The Institute of Fundraising has released a new strategy for equality, diversity and inclusion in the fundraising profession.

The new strategy sets out why change is needed – the business case for equality, diversity and inclusion – and the approach needed to be taken by the Institute and the wider charity sector, to ensure individuals from all backgrounds are recruited, retained and progressed within the sector.

Using evidence it obtained, the IoF and its board of trustees identified four key inequalities to be addressed in the strategy, including:

• Underrepresentation BAME fundraisers
• Underrepresentation of disabled fundraisers
• LGBT+ fundraisers are not always able to be open in the workplace
• Women form the majority of the profession but are not proportionately represented at a senior level.

The strategy takes forward the commitments set out in the IoF's Manifesto for Change, identifying 16 initial activities to deliver a more equal, diverse and inclusive profession. Key activities include;

• Commissioning research on the under-representation of BAME fundraisers in the profession, including on the barriers to entry and progression, and research on women in leadership roles.
• Developing an EDI Recruitment Toolkit to help organisations recruit more BAME, disabled and male fundraisers.
• Developing IoF’s approach to Affinity Network and role models for BAME, disabled and LGBT+ fundraisers.

A new Equality, Diversity and Inclusion Committee has been formed by the IoF and will be chaired by IoF trustee, Carol Akiwumi.

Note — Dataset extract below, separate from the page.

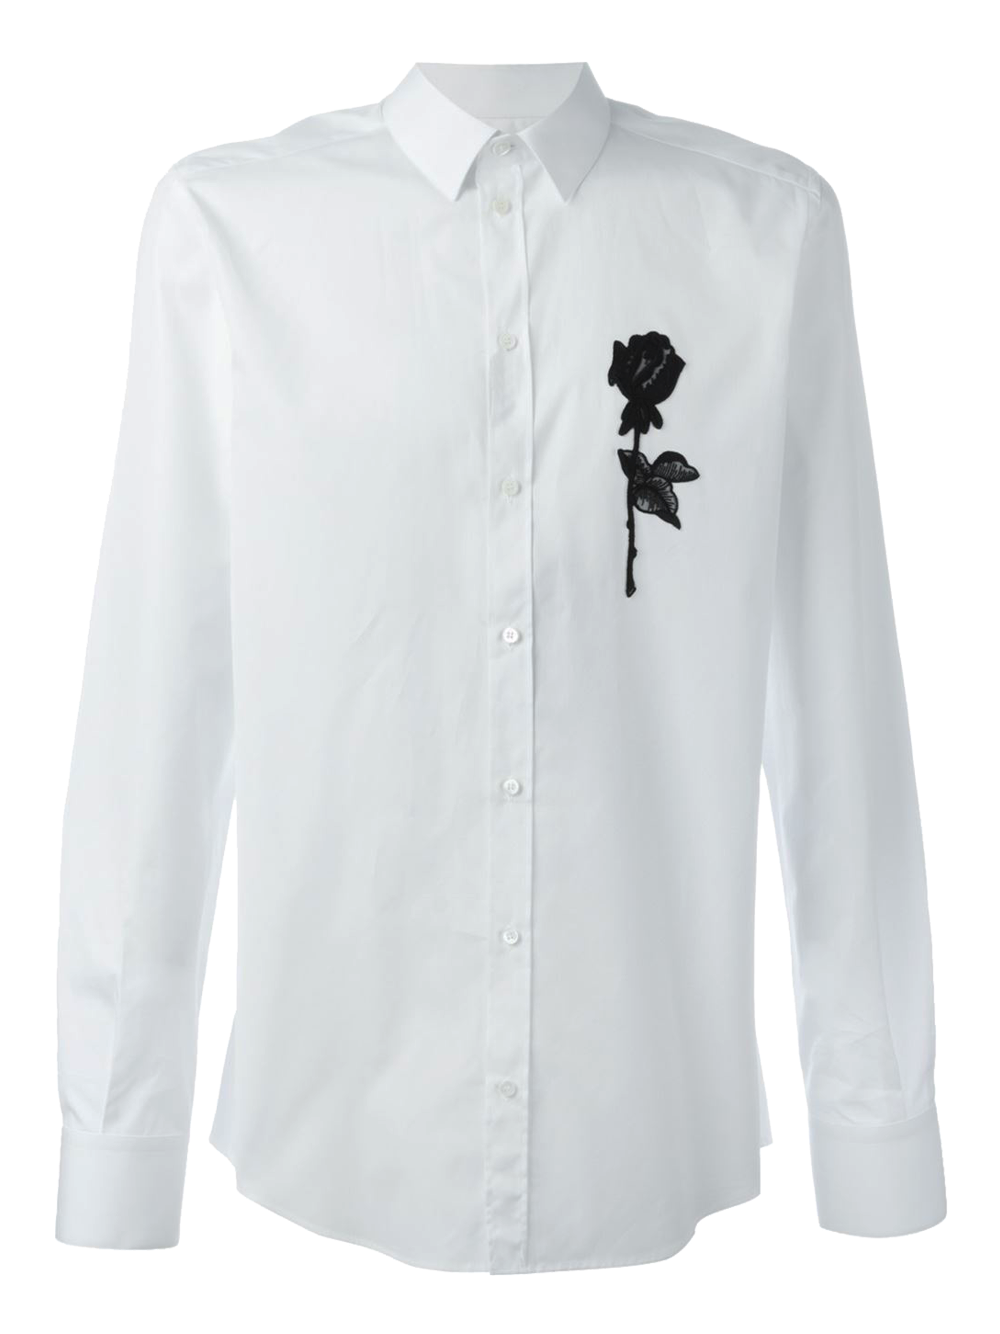 Рубашка, Dolce &amp; Gabbana. Белоснежная сорочка из хлопкового поплина с вышитой на груди розой в стиле сицилийского барокко &mdash; элегантный и непретенциозный вариант для дружеского коктейля.

It will offer oversight from fundraisers with lived experience and policy experts to advise the IoF and evaluate and monitor progress on this agenda.

Commenting, IoF chair, Amanda Bringans said: “This strategy is a significant landmark in the history of the fundraising profession and of the Institute.

“As chair of the Institute, I am very proud to launch the first ever Equality, Diversity and Inclusion (EDI) Strategy for the fundraising profession, developed by the expert panel, and fully endorsed and adopted by the IoF board of trustees.”

Chair of the Expert Advisory Panel on EDI, Sufina Ahmad added: “To have in one place a succinct but ambitious way forward for making the UK fundraising profession more equal, diverse and inclusive is a huge achievement.

“Individuals and organisations that champion this strategy are showing that they, like the Institute of Fundraising, are committed to working together to take an intersectional approach to addressing the well-known and well-evidenced inequalities that exist in the fundraising profession.”